Work instruction
The lines to print run from the top of the material below to the line with "Der Sitz und", inclusive; please copy them exactly, without pictures.

Given data
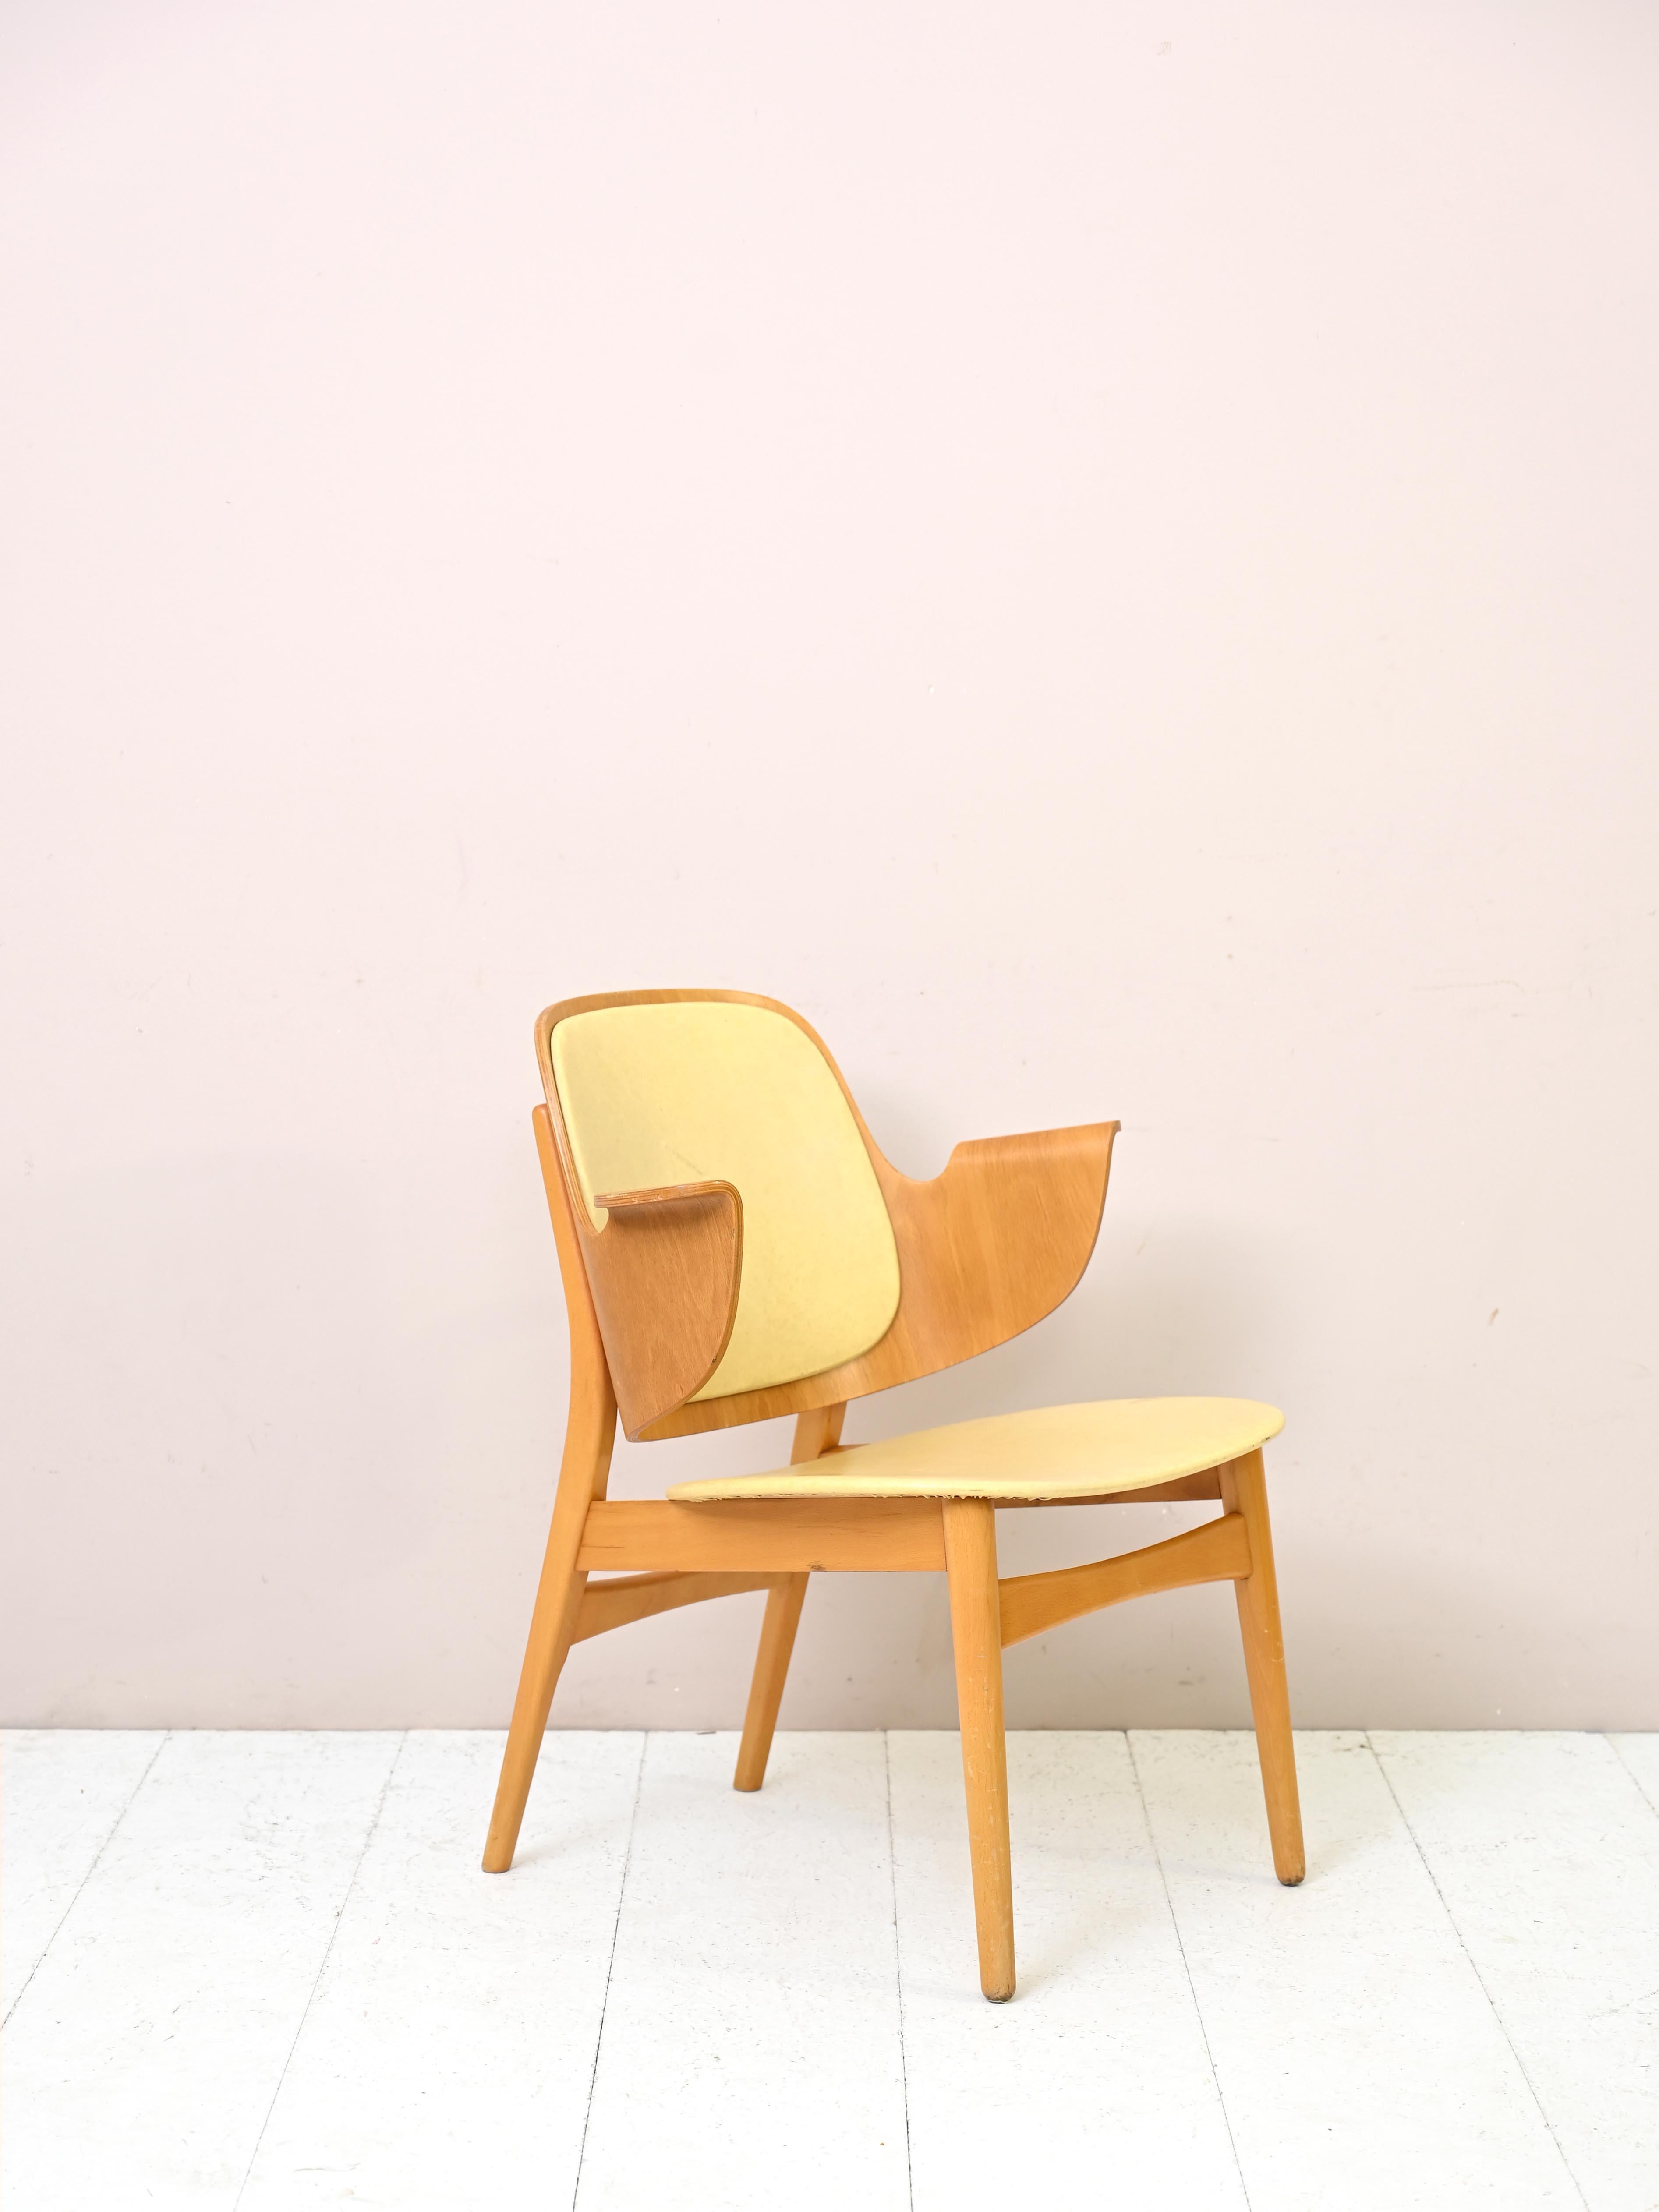 Sessel Modell 107, Vintage, entworfen vom dänischen Designer Hans Olsen.
Ein klassisches dänisches Design: Rückenlehne und Armlehnen bestehen aus einem einzigen Stück geformten Schichtholzes.
Der Sitz und die Rückenlehne sind mit gelbem Kunstleder
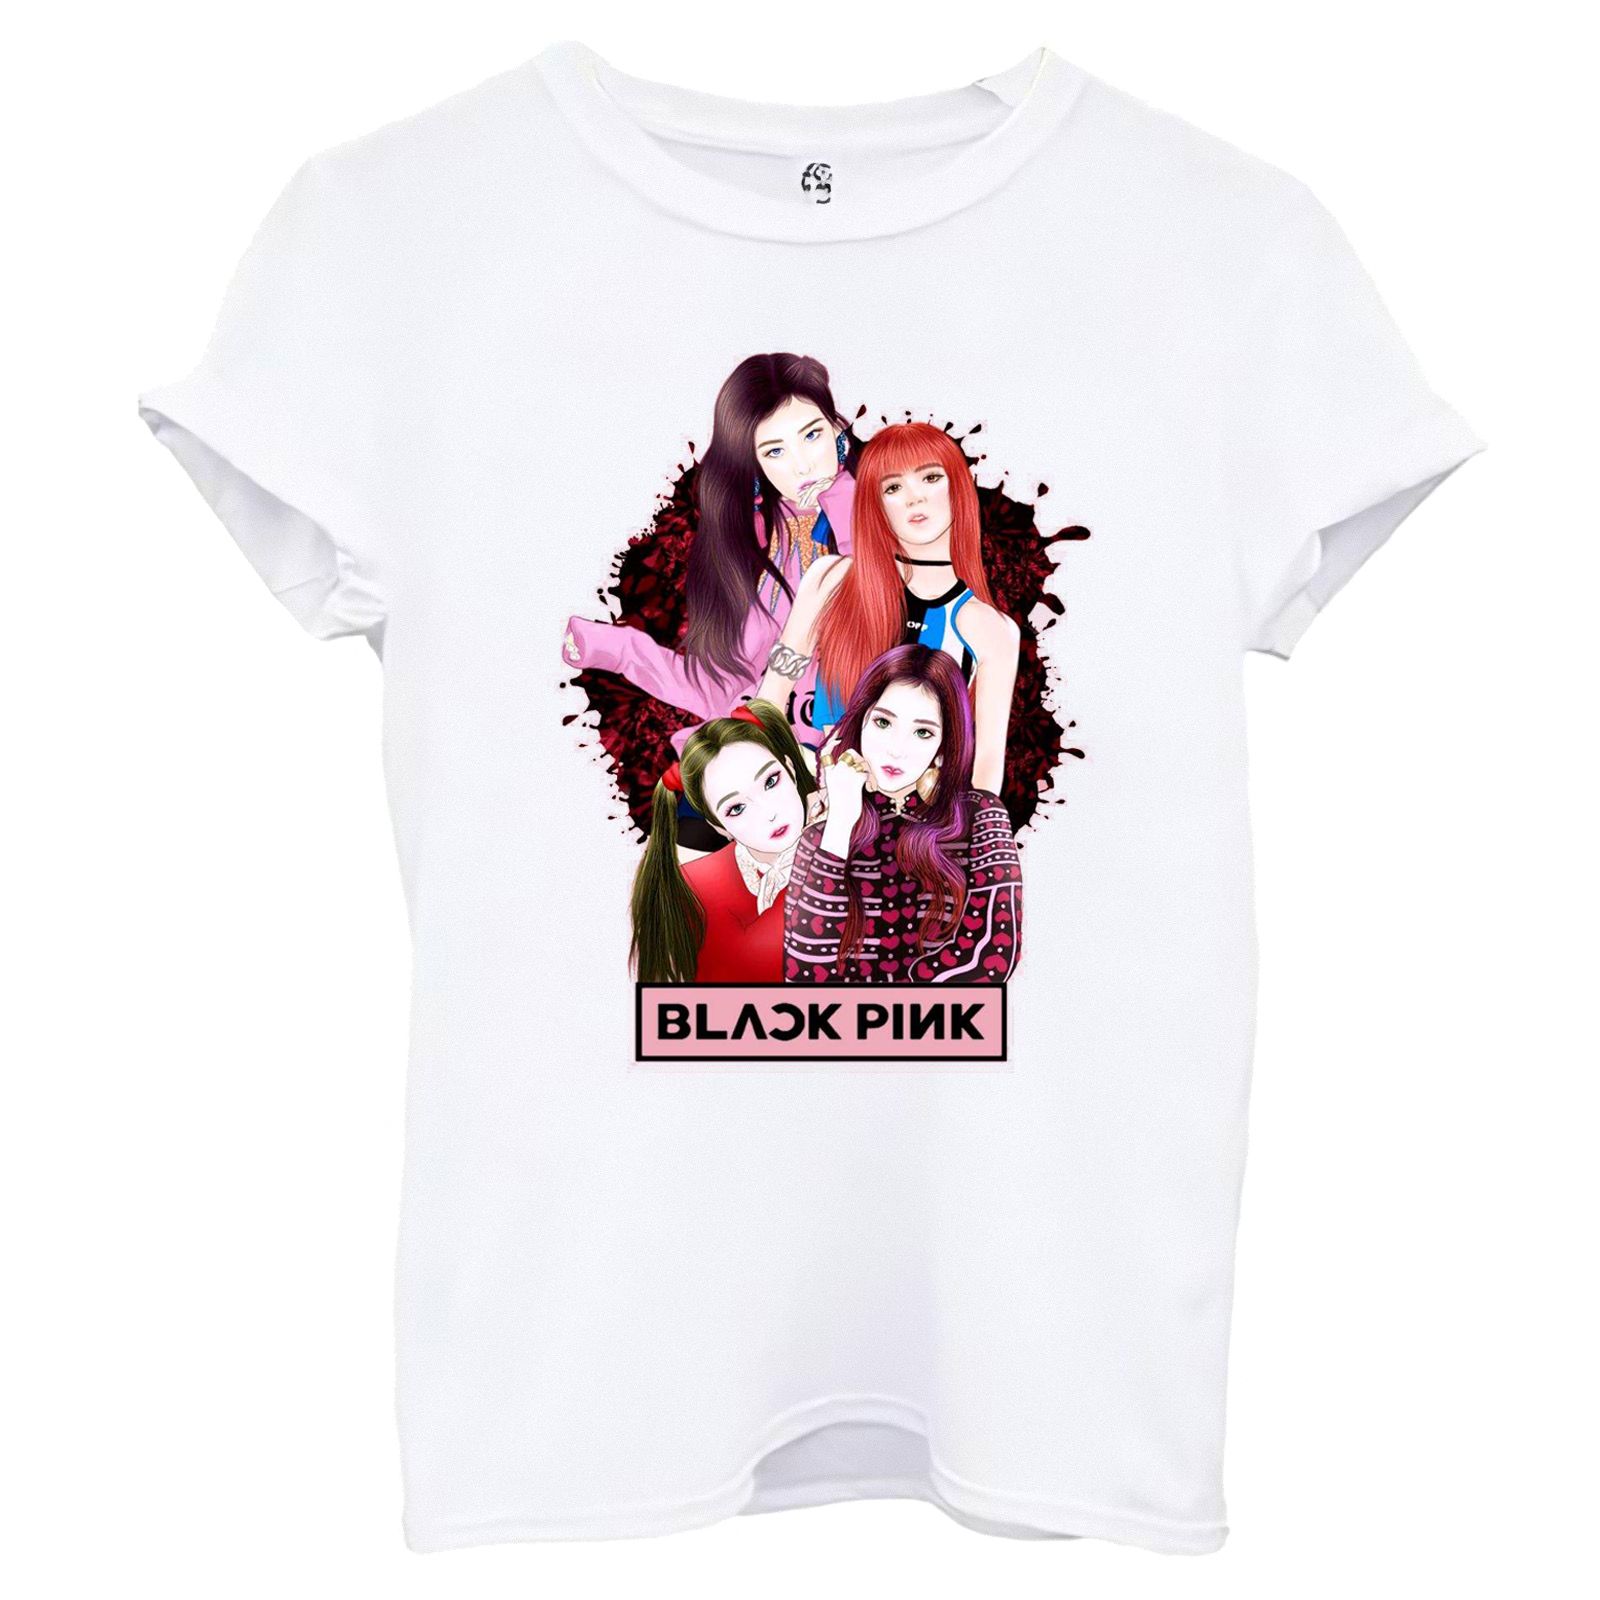 تی شرت آستین کوتاه زنانه اسد طرح BLACK PINK کد 92 -  - 1

Written answer
 Sessel Modell 107, Vintage, entworfen vom dänischen Designer Hans Olsen.
Ein klassisches dänisches Design: Rückenlehne und Armlehnen bestehen aus einem einzigen Stück geformten Schichtholzes.
Der Sitz und die Rückenlehne sind mit gelbem Kunstleder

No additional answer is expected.